Monday, June 21, 2010

Luckily For Him, I Don’t Die

Did you see that some chap put posters up on the London to Brighton Bike Ride in an attempt to head off attempts by his wife to divorce him? I wonder what he'd been up to. He probably overtook her on a previous bike ride or in a 10k or something or perhaps he set her too tough a training schedule when he offered to be her personal trainer. Any of these would explain why she blanked him at the finish line. I best watch my step. I wonder if he did the ride as well and overtook her.

On the day that it’s in the news that bees are dying out and that this will cost the UK economy anything up to £440m per year (about 13% of the country's income from farming), L has a bee problem at work. She says they keep popping up from somewhere under her desk, through the floor perhaps and she reckons some are even burrowing through the wall. It sounds like something from a James Herbert novel.

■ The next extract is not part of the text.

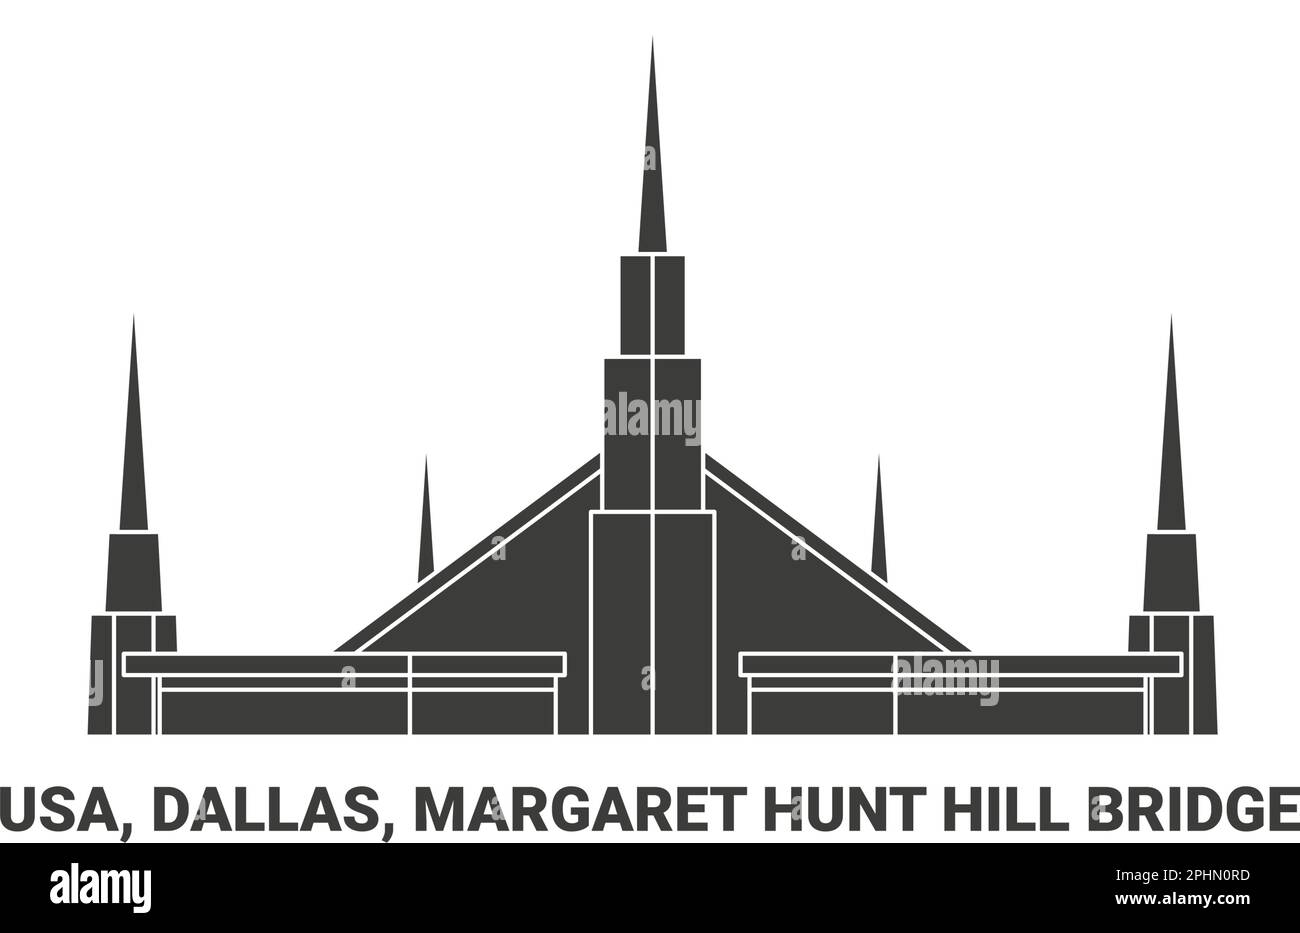 Usa, Dallas, Margaret Hunt Hill Bridge, travel landmark vector illustration Stock Vector

Of course, she’s not allowed to kill them; they’re an endangered species you know. So she can’t even keep them at bay with a rolled up newspaper. In fact she has to get permission from some official beekeeper to get anyone to come out to deal with them. At this point I would have thought deserting her post and going home would be a good option but she can’t until the beekeeper has made an assessment. This all seems above and beyond the call of duty. Eventually, someone on behalf of the beekeeper makes an assessment... over the phone. They are masonry bees, so tomorrow they can be killed.

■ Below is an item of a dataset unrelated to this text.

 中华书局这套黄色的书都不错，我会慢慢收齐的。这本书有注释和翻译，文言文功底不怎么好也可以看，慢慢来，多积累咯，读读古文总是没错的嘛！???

In the evening it’s the first race of the Nottingham Grand Prix, my fourth year of doing it. I don’t usually do events four times over but what else is there to do on a Tuesday night. Well there’s dog training I suppose, which I have to miss tonight for this. What will my training colleagues do for fitness advice tonight or for that matter PC support? This is fast becoming another hot topic of theirs. I really should have kept my hobbies and career to myself.

It’s a nice night for a run, a bit warm perhaps and there’s no wind, not even off the rowing strip. As it’s a predominately flat course and I’m feeling fit, I feel it’s time for Plan A. I’m going sub-40 tonight.

Well I was feeling fit... but now as I get ready to start I’m struggling with my breathing a touch and I haven’t even started running yet, perhaps it’s a bit of hay fever. I also seem to have a stiff shoulder, the side effects of cycling 75 miles I suppose.

Off we go. I set some good sub-four minute split times for the first 4km and I get nicely paced through these by a chap I latch on to. I struggle to hold him after 4km and I let him go. Someone else catches and passes me, so I run with him and he drags me along for another two km. I repeat the process and get paced as far as the 8km point, where although I’m now doing slightly over four minute splits, I'm still on track, just.

Then at 9km I’m off the pace, five seconds over target pace, so I need a gargantuan effort to get back on track. Something my legs don’t have left in them and I’m twelve seconds down at the finish.

My legs give way, I collapse and crawl to the drinks table. The St. Johns man eyes me suspiciously but he doesn’t put down his cup of tea. Luckily for him, I don’t die. I recover and go find my ever supportive parents and then cheer L in.

Looking back, I was quite consistent all the way through and my overall placing was good plus only two of the 172 women beat me. This is always a good indication. So a good effort I reckon. Almost happy.